Дерево. Многие считают именно его прародителем миров, а не Бога. Не только этого мира, но и всех, где зародилась жизнь и получила свою обратную сторону – смерть. Дерево встало в многослойном зеркале, отразившись в пространстве сразу и везде. Во всех параллельных и перпендикулярных мирах. Оно словно вздрогнуло в этом зеркале, ожив в его многочисленных преломлениях и породив в результате всё разнообразие миров. Вы спросите, что это за зеркало, и я отвечу – это точка, где первоначальный юный мир некогда стремился застыть в неподвижности. И это позволял только самый яростный холод северных вод. Блестящих и отражающих всё, что появляется на их кристально-чистой поверхности. Росток Дерева оказался в этой точке и стал отсчётом жизни. Дерево основалось в белом океане, или море, как его называют живущие рядом и не ведающие о его истинных размерах, где сплело корнями остров, названный Буяном. Или иначе – поплавком.

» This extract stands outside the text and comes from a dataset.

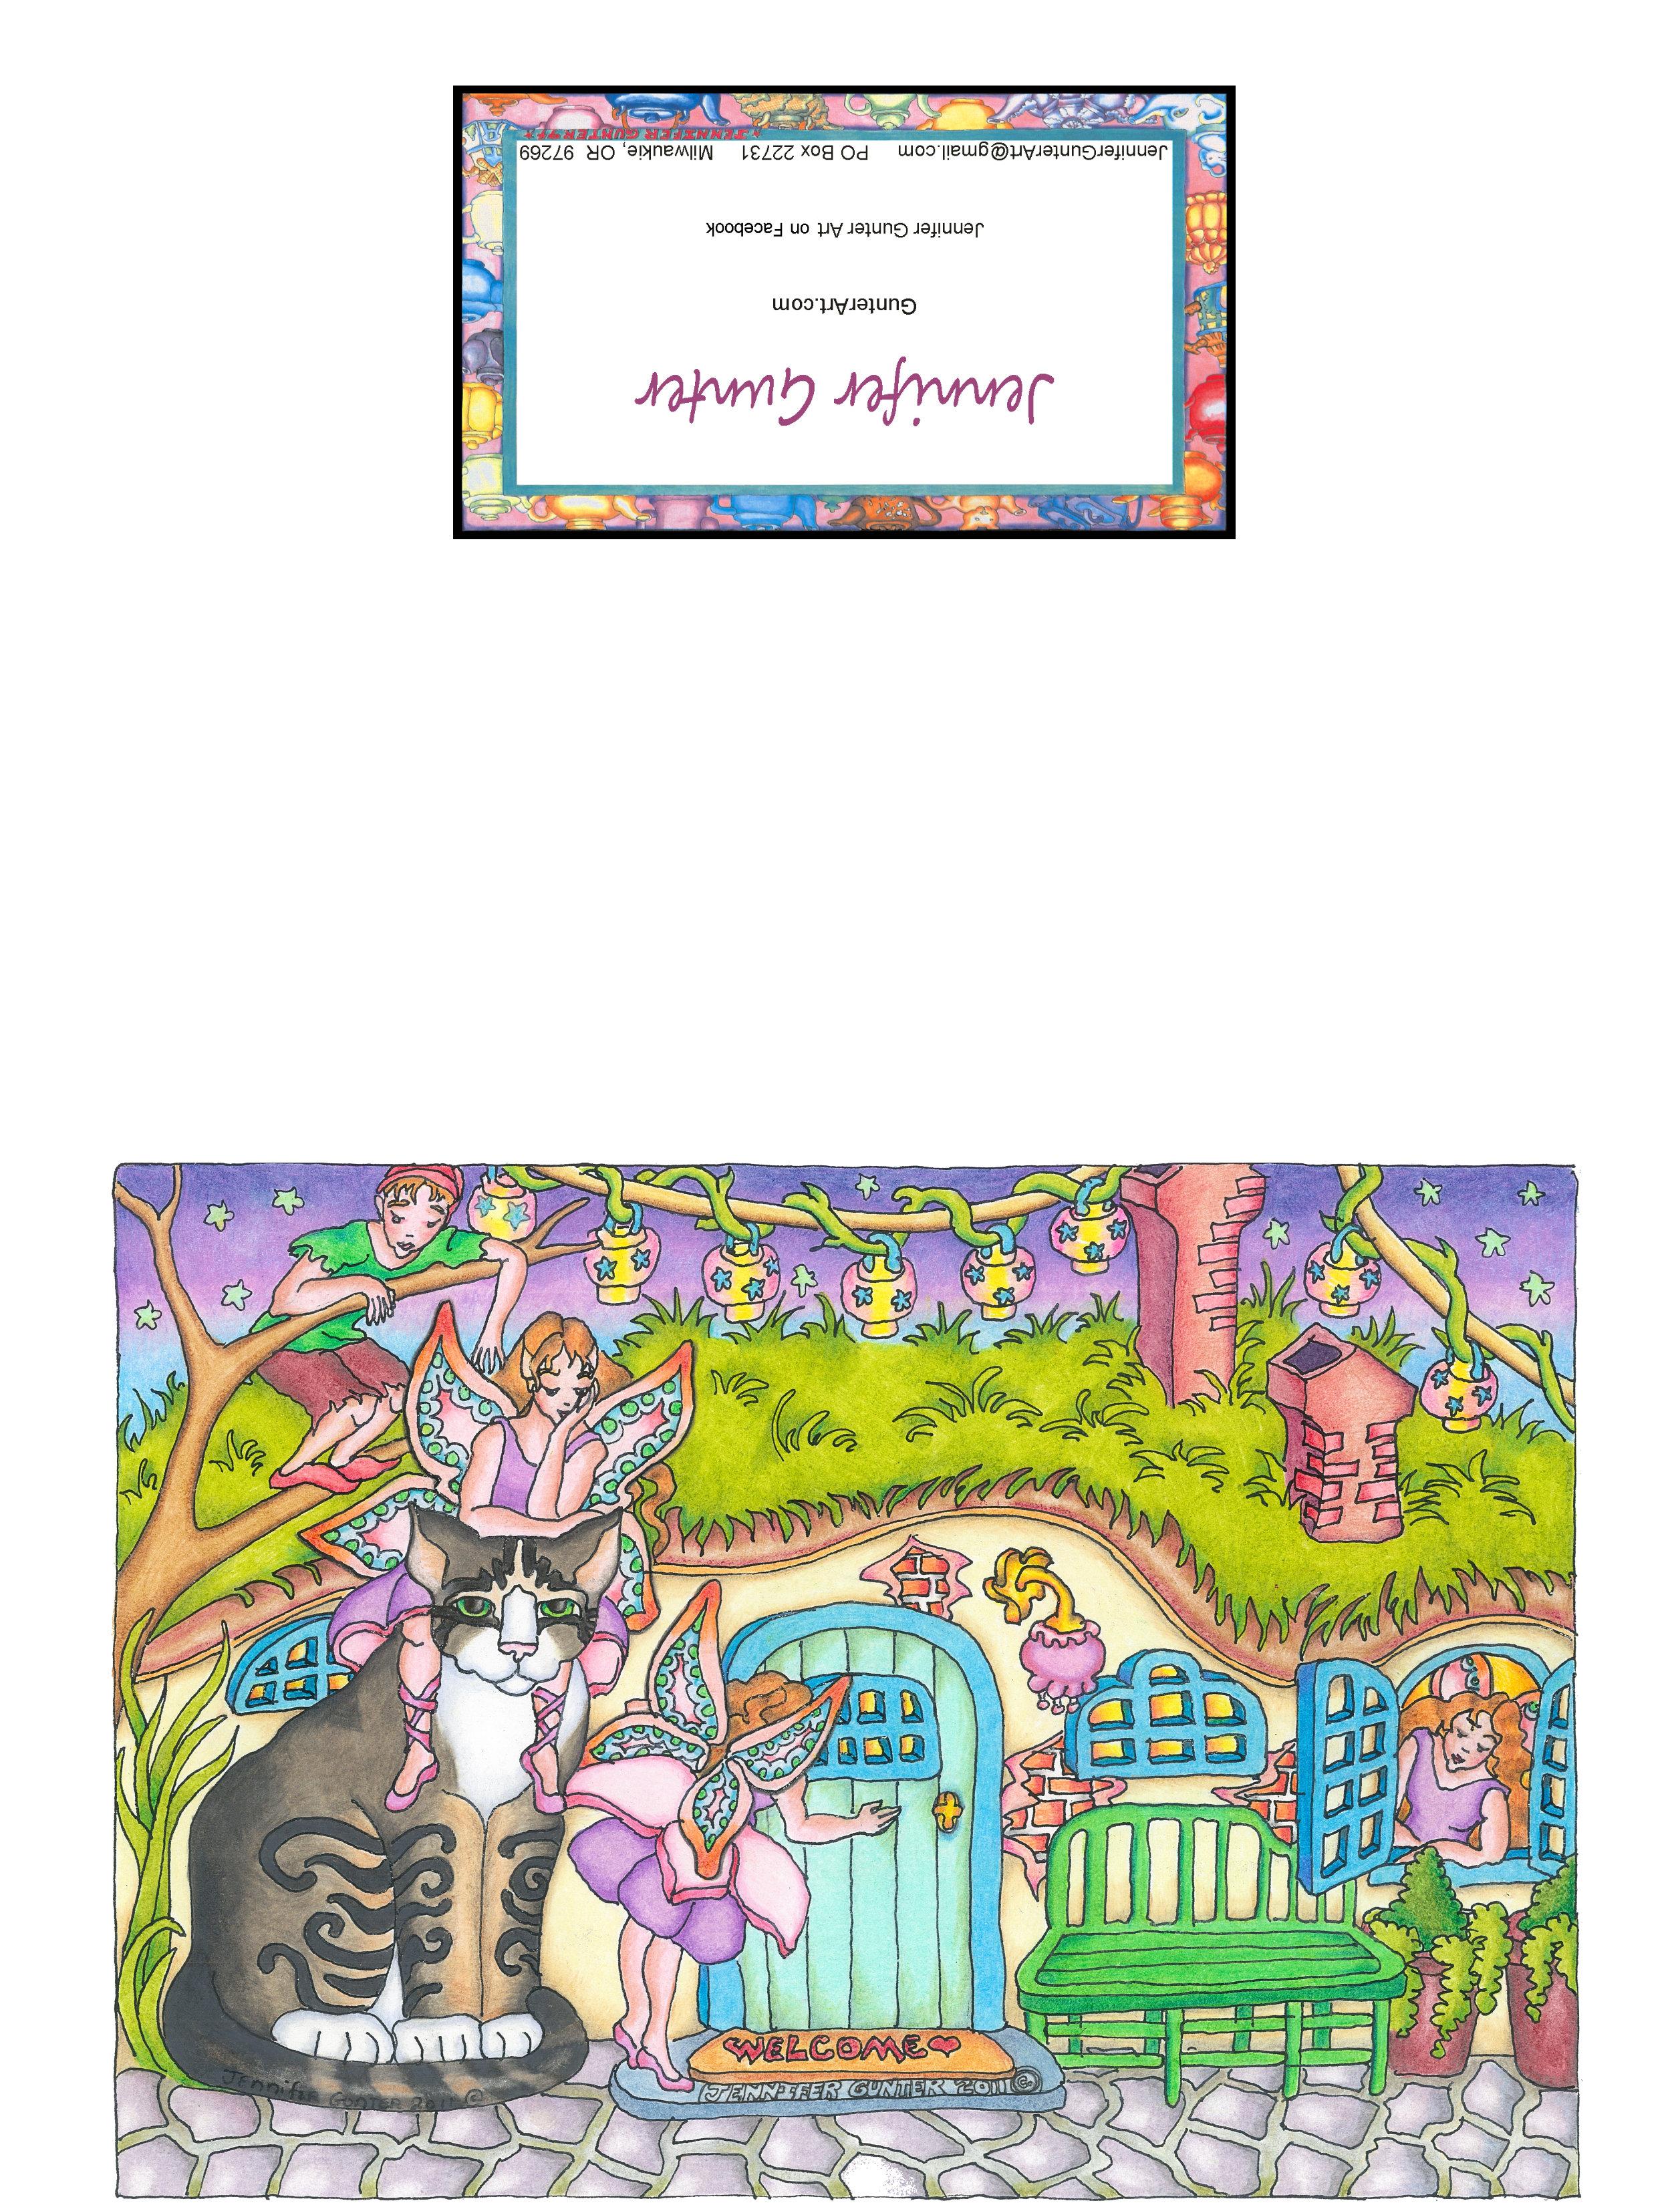 FairyAndTabby_GreetingCard
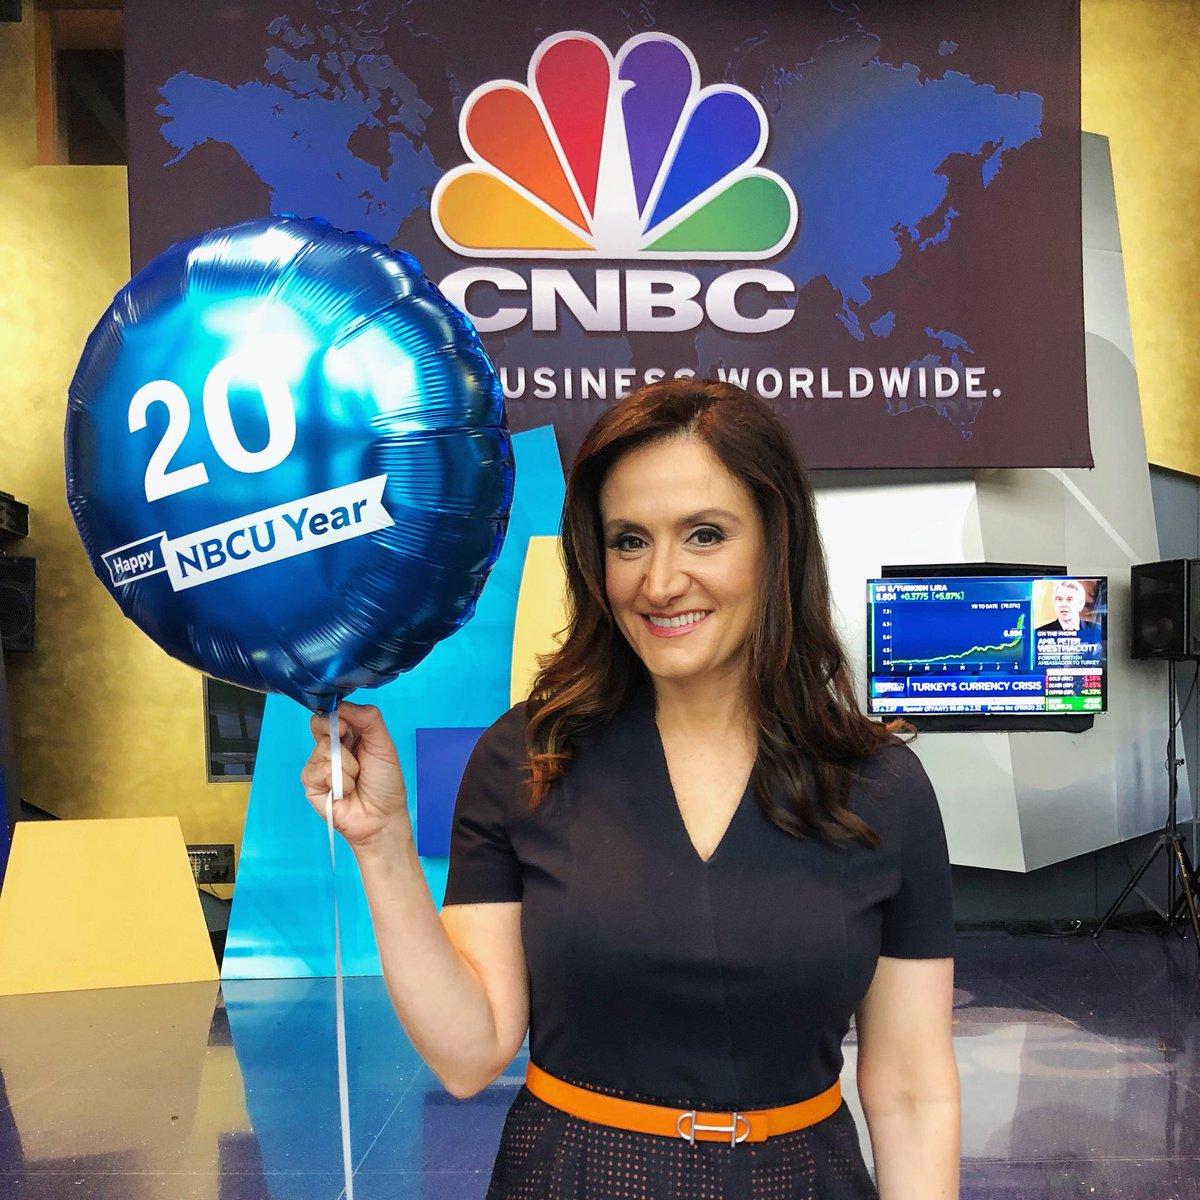 RT @MCaruso_Cabrera: Celebrating 2 decades at CNBC! https://t.co/ut55enwDUe

Идеальная картина продлилась лишь миг рождения земли. Дуальность созданного мира проявилась почти незамедлительно. В противоположность лютому холоду белого моря внутри земли открылся доступ к иной стихии – её невыносимому жару. Наиболее близко к поверхности земли он выполз на её стороне, противоположной белому морю. Именно вспыхнувший в недрах огонь заставил Дерево дрогнуть и породить многослойные отражения мира, его разнообразие во времени и пространстве. Так был рождён первый закон: у любого обстоятельства на земле есть антоним. Исполнителем и стражем этого закона стал другой страж и зодчий вселенной – Бог. Это он сделал так, что каждый из тех, кто обретал жизнь в этом или другом мире нёс в себе частицы холода и огня её противоположности. Поэтому всякий живой организм смог принять и уравновесить в себе холодный расчёт мудрости Дерева и огонь страсти, символизирующей движение и рост. Если угодно, на земле была поделена власть между холодом Дерева, что приходит каждый период, устанавливая свои права на одну половину года, и ядром, или жерлом материи земли, которое забирает себе вторую половину года и жжёт мир горячим воздухом. А живой организм смог уместить в себе обе противоположности и за счёт выделяемой энергии от их соприкосновения жить. В природе же промежутки, когда две стихии сталкивались, обрели свои имена и свойства, которые мы стали называть – миротворчеством. Это весна и осень. В них заложено созидание всего и они наиболее богаты на открытия и дары, ведь в эту пору, как сама земля, так и её обитатели находятся под воздействием максимального выделения энергии от соприкосновения и противоборства стихий. Чередование же этих периодов послужило возникновению летоисчисления на земле.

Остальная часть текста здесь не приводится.